I Love You This Much

Contributed By: Deacon Mike Vander Bloomen



Several years ago I gave a homily where I used the lyrics from a country song by Jimmy Wayne, and I thought I would use them again today. The name of the song is “I love you this much."


The story line of the song begins with a little boy, whose parents are not together

and rarely does he see his dad. They go like this:


He can’t remember the times that he thought, does my daddy love me? Probably not.

That didn’t stop him from wishing that he did, didn’t keep from wanting, or worshipping him. He guesses he saw him about once a year, he could still feel the way he felt, standing in tears, stretching his arms out, as far as they’d go, whispering, daddy I want you to know.


I love you this much and I’m waiting on you, to make up your mind, do you love me too?

However long it takes, I’m never giving up, no matter what, I love you this much.

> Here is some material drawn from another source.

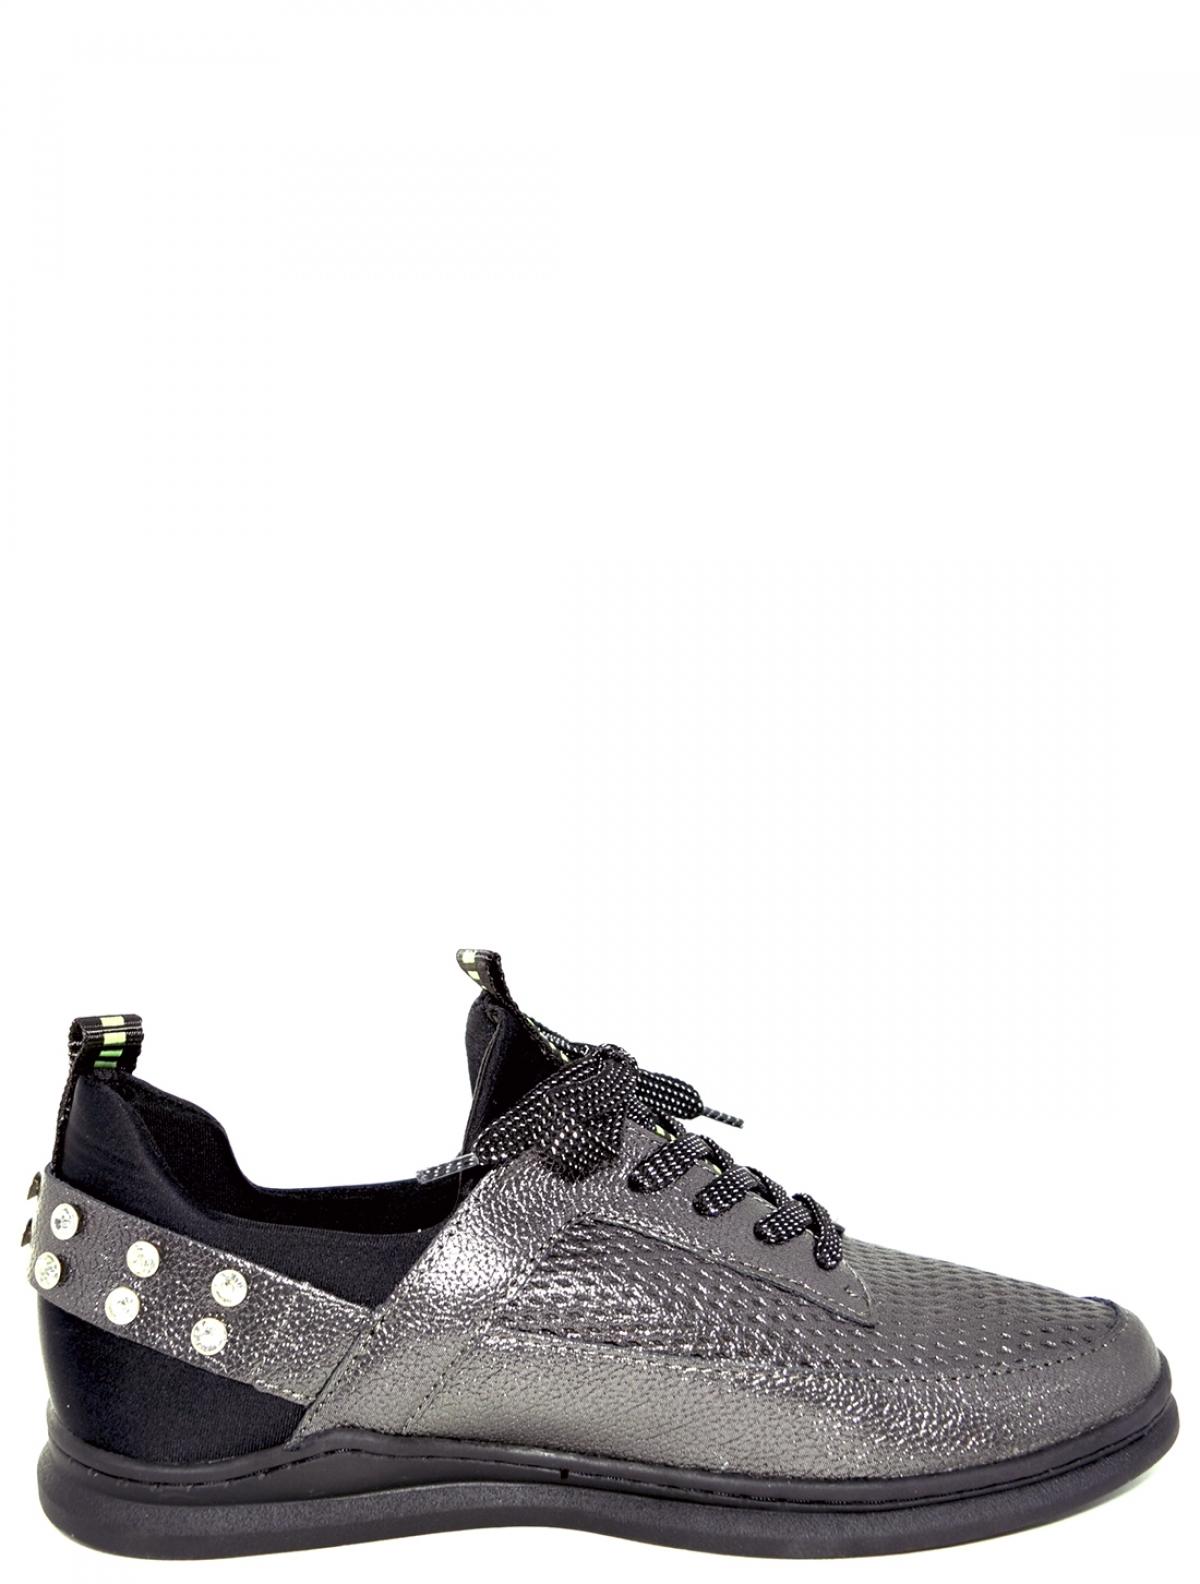 Admlis Y168 женские туфли
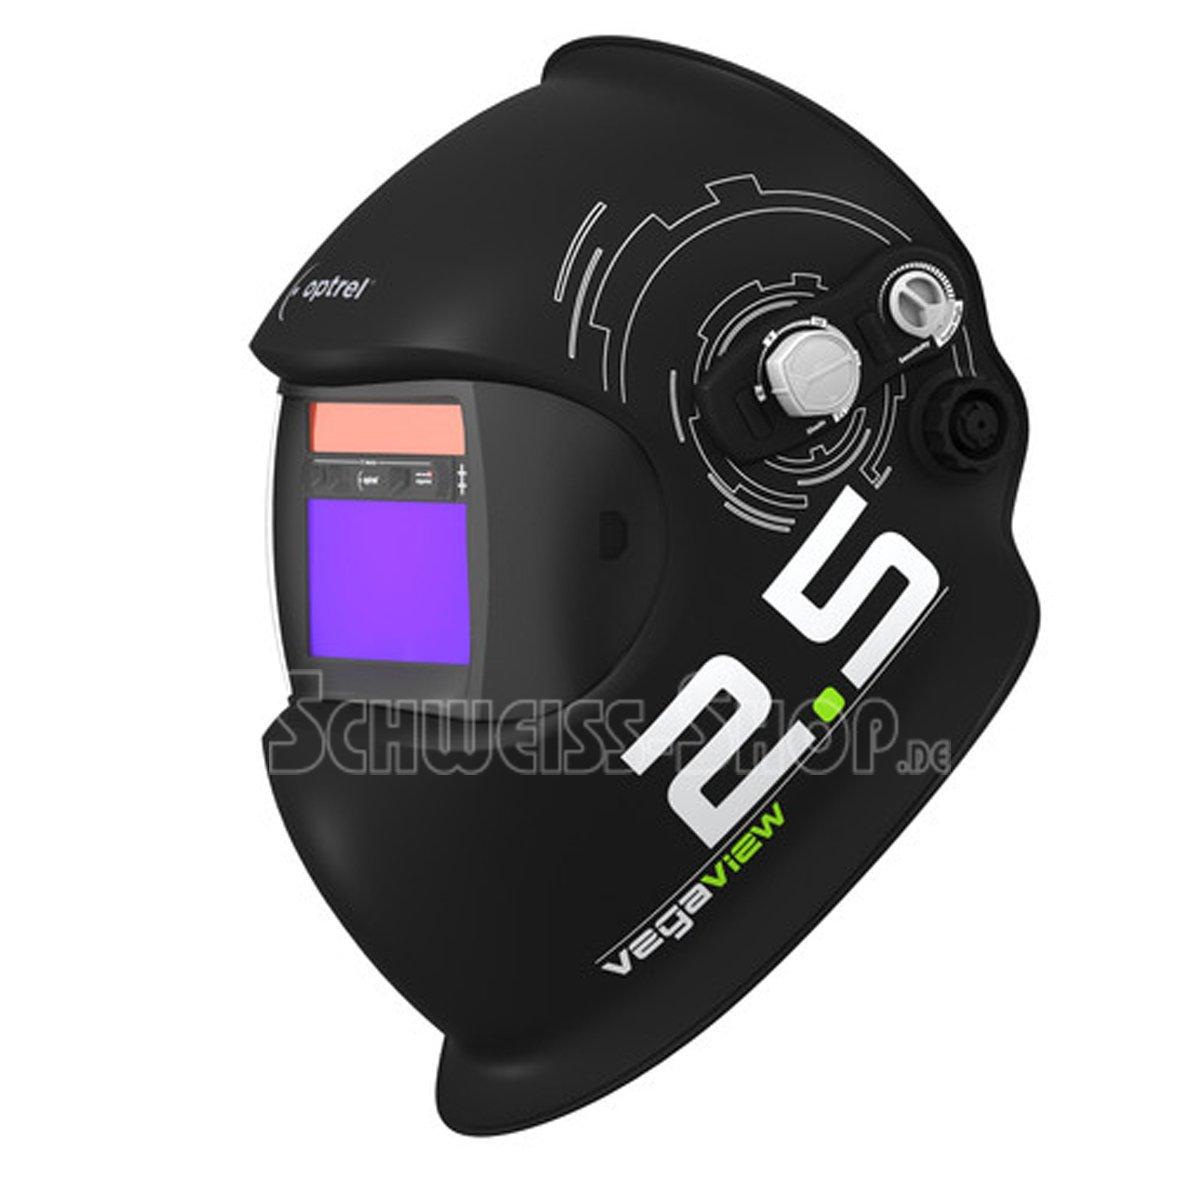 Optrel VegaView 2.5 Auto-Darkening Welding Helmet 1006.600 by Optrel

All of us, like this little boy, has struggles that we deal with on a daily basis, all of us have hardships of some sort. These struggles and hardships take many forms. Like the little boy in the song some of us deal with relationship issues. That might be with our spouses, children, parents or siblings. It could be with in-laws, friends, co-workers a boyfriend or girlfriend. Some of the hardships could be financial, barely making ends meet, possibly the loss of a job has affected your life.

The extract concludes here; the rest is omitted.